Entre os grupos evangélicos, os que batizam crianças, embasam
tal prática nos exemplos do Novo Testamento como Lídia, o carcereiro de Filipos
e Estéfanas:
“Depois de ser batizada, ela e toda a sua casa...”
[At 16.15.]
“...foi ele batizado e todos
os seus.”
[At 16.33.]
“Batizei também a casa de
Estéfanas...”
[1Co 1.16.]
No seu entender, o termo “casa” era mais abrangente que
“família”, incluídos aí também os servos [escravos] e empregados; logo, para os
que defendem o batismo infantil, tais textos permitem concluir que os filhos
eram naturalmente incluídos na cerimônia, pois, embora não os citem explicitamente,
tampouco os excluem.
Já os que repudiam o batismo de crianças e defendem a sua consagração,
escudam-se na apresentação de Jesus pelos pais, ignorando que José e Maria
estavam apenas cumprindo o que determinava a lei de Moisés, por ser menino seu
primeiro filho.
Sendo uma exigência da lei mosaica, específica para o povo
judeu, a ser realizada no templo em Jerusalém, nada tem a ver com os povos não
judeus, que vivem sob a graça. Se devêssemos nos sujeitar a essa exigência
porque Jesus o foi, como ficariam os demais filhos e filhas? Só apresentaríamos
o primeiro, se menino? Portanto, esse argumento não justifica a apresentação de
crianças.
Os pais levam os filhos a
Jesus
Outro argumento, igualmente frágil, dos que defendem a consagração,
era a iniciativa de alguns pais levarem os filhos a Jesus para serem por ele
abençoados. Embora buscassem algum benefício, uma oração, não os estavam
oferecendo a Jesus, pois não o viam como Deus, mas apenas como mais um mestre recém-surgido,
que passara a atrair a atenção de todos por ser diferente dos demais rabis.
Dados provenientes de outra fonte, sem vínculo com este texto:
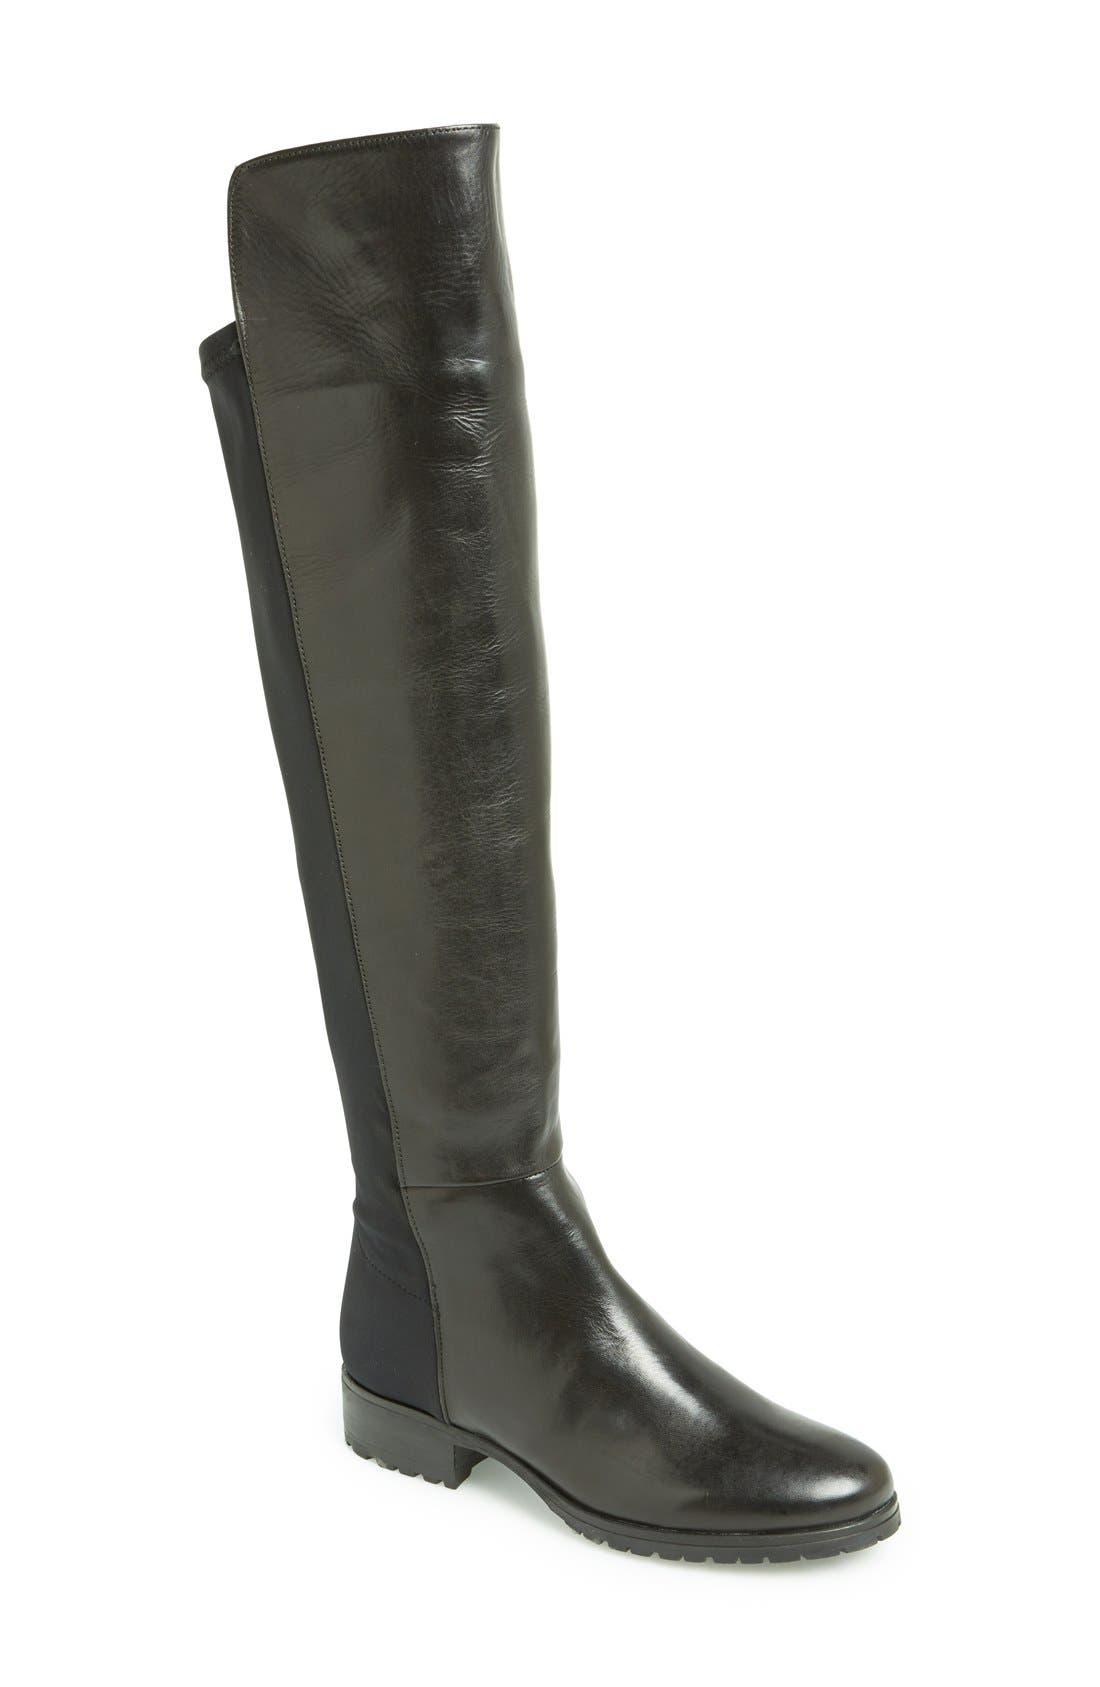 Main Image - Dune London 'Trishy' Over the Knee Boot (Women)

Trouxeram-lhe, então, algumas crianças,
para que lhes impusesse as mãos e orasse;
mas os discípulos os repreendiam.
Mateus
19.13.
Então, lhe trouxeram algumas crianças
para que as tocasse... Mateus
10.13.
Traziam-lhe também as crianças,
para que as tocasse... Lucas
18.15.
Dedicar, apresentar ou
consagrar a criança?
Outros levantam ainda a questão do termo mais adequado:
apresentação, consagração ou dedicação? Lucas registra que Jesus foi apresentado no templo [2.22] em
cumprimento ao que determinava a lei no sentido de que todo primogênito deveria
ser consagrado [2.23], que significa
“separado para”.
Como dedicar a alguém algo
que lhe pertence?
Fica então a pergunta se o correto seria dedicar o filho a Deus.
Ocorre que não faz sentido dedicar a alguém algo que já lhe pertence; foi o
próprio Deus que o disse [Lv 27.26], referindo-se aos primogênitos dos animais.
Além do mais, o criador é dono de sua criação. Ora, Deus diz ter criado todos
os seres humanos e que estes pertencem a ele:
“Do Senhor é a terra e a sua
plenitude,
o mundo e aqueles que nele habitam.”
Salmo
24.1.
“Assim diz Deus, o SENHOR, que criou os céus e
os
estendeu, formou a terra e a tudo quanto
produz;
...que dá fôlego de vida ao povo que nela está
e o espírito aos que andam nela.” Isaías 42.5.
“Eis que todas as almas são minhas; como
a alma do pai, também a alma do filho é minha...”
Ezequiel
18.4.
“...Fala o Senhor... que forma o
espírito do homem
dentro dele.” Zacarias
12.1.
Dessa forma, se todos pertencem a Deus, não importa o termo
empregado, como lhe dedicar qualquer um deles? O ato não pode ser mais do que
expressão de ações de graça, confissão pública dos pais em reconhecimento de
que o filho não lhes pertence, que apenas lhes fora confiado. E como tal
deveria ser celebrado e anunciado:
“Celebração pela nascimento
do/a...”
“Cerimônia de ações de
graça pela chegada do/a...”
Tudo o mais que cerca a apresentação dos filhos a Deus, embora louvável,
é mera liturgia, consagrada pela tradição humana, não prevista na Bíblia como
ordenança.
Uma nova percepção da
cerimônia de consagração de crianças
Não é objetivo dessa exposição tecer discussão sobre a validade do
batismo de crianças ou de sua apresentação; tão somente levantar possibilidades
de como pode essa ser realizada, até então tão restrita a um mesmo padrão.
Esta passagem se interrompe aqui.